Amazon S3 (Simple Storage Service) is an AWS service used to store files like images, videos, logs, backups, datasets, and reports as objects inside buckets.

  • Bucket = main container (like a top-level folder)
  • Object = the actual file (data + metadata)

S3 is widely used for:

  • Data lakes
  • Backups and disaster recovery
  • Application logs
  • Static website files
  • Analytics and machine learning datasets
  • Long-term archiving and compliance

2) Why does S3 have multiple storage classes?

Not all data is used in the same way:

  • Some data is used daily (hot data)
  • Some data is used sometimes (cold data)
  • Some data is almost never used (archive data)

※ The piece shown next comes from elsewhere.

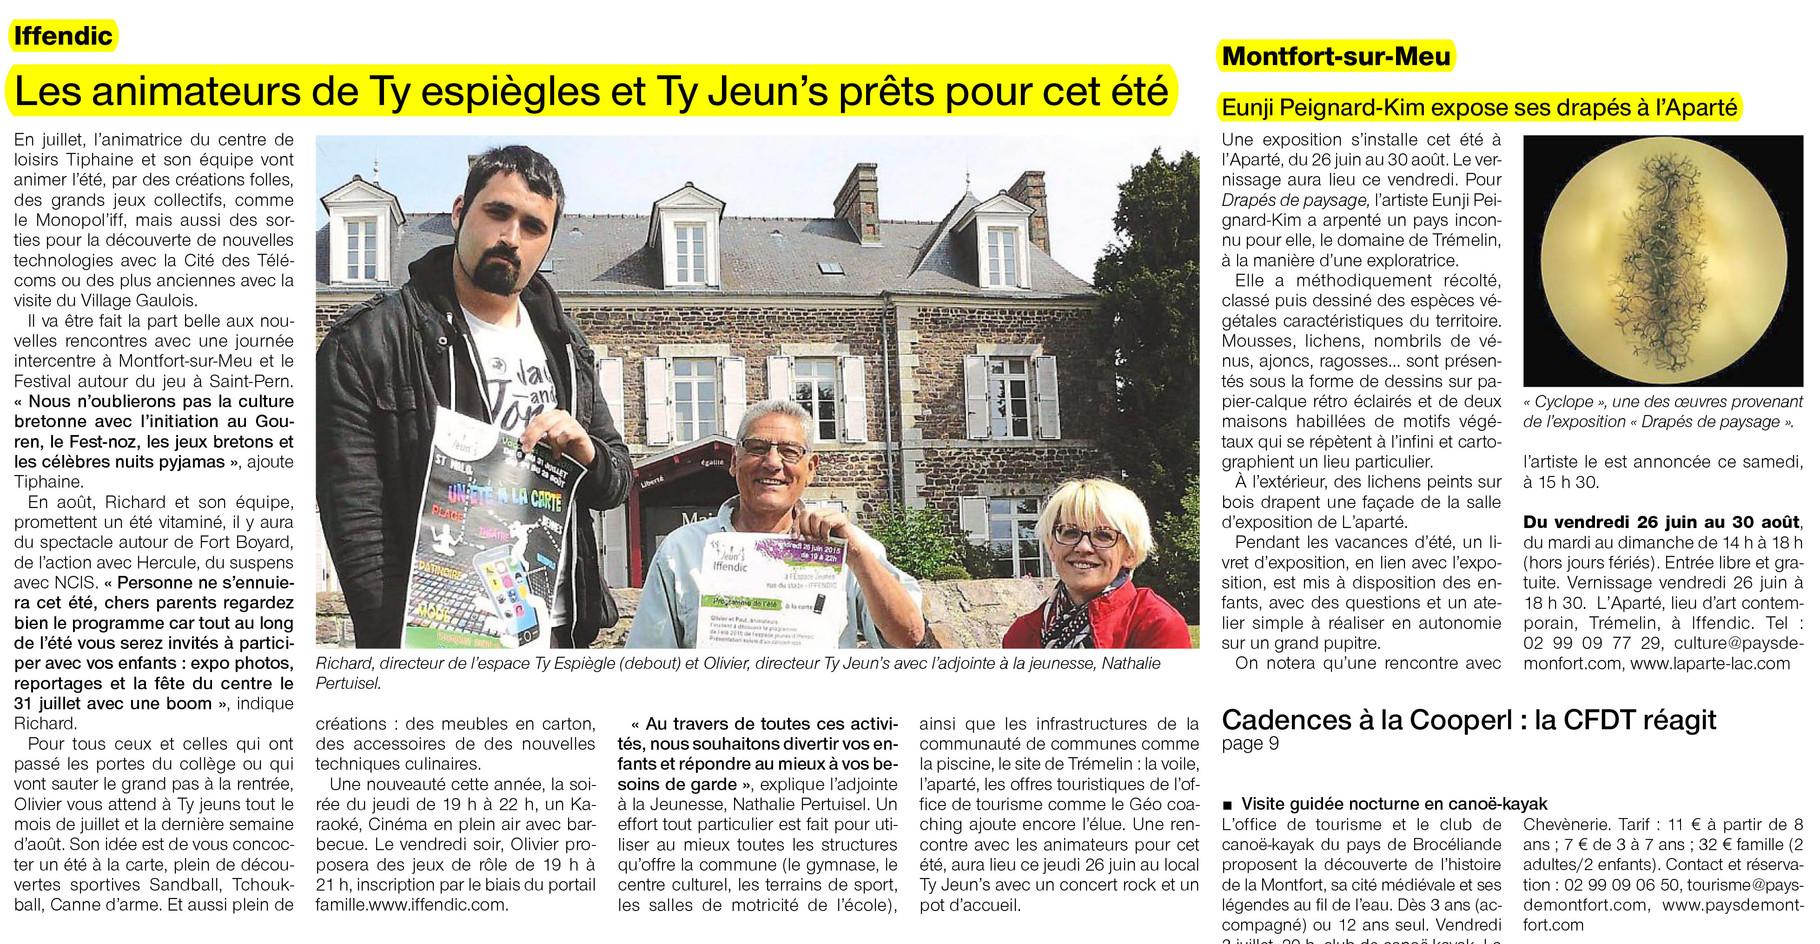 Ouest-France - 26 juin 2015

So AWS provides different S3 storage classes to help you balance:

  • Cost – how much you pay for storage
  • Speed – how fast you can read data
  • Availability – how often data is accessible
  • Risk – multi-AZ vs single-AZ
  • Retrieval fee – extra cost when you download data in some classes

3) Key Terms

Term Simple Meaning Easy Example
Durability How safe your data is from being lost Even if disks fail, AWS still keeps your file safe
11 nines durability (99.999999999%) Extremely high safety “Almost never lost”
Availability How often data is accessible 99.99% means very little downtime
Latency How fast you can access data Milliseconds = very fast
Throughput How much data can be read/written per second Important for big analytics jobs
Retrieval fee Extra cost when you download data Some classes charge when you read
Availability Zone (AZ) One data center inside a region Multi-AZ is safer than single AZ

4) There are 8 Storage Classes

4.1 S3 Standard – Hot Data

  • Used for frequently accessed and business-critical data.

Key Features:

  • Very fast access (milliseconds): Suitable for real-time applications and user-facing systems.
  • High availability: Designed to be available almost all the time for applications.
  • Multi-AZ durability: Data is safely stored across multiple data centers.
  • No retrieval fee: You don’t pay extra when reading or downloading data.

Use Cases:

  • Website images and videos served to users
  • Daily application logs used by engineers
  • Active analytics datasets queried many times per day
  • Frequently used ML training and inference data

Example: Today’s sales data used every hour → S3 Standard

Remember: Standard = Hot + Fast


4.2 S3 Intelligent-Tiering – AWS Decides Automatically

  • For data where you don’t know how often it will be accessed.

Key Features:

  • Automatic movement between tiers: AWS moves objects to cheaper tiers when access reduces.
  • No performance impact: Applications access data the same way.
  • Small monitoring fee: Charged for AWS to track access patterns.

Use Cases

  • Data lakes where new data is hot and old data becomes cold
  • ML datasets where some features are used more than others
  • Analytics history that changes in access frequency

Example: Some months of logs are queried often, others not → Intelligent-Tiering

Remember: Intelligent = “I don’t know access pattern”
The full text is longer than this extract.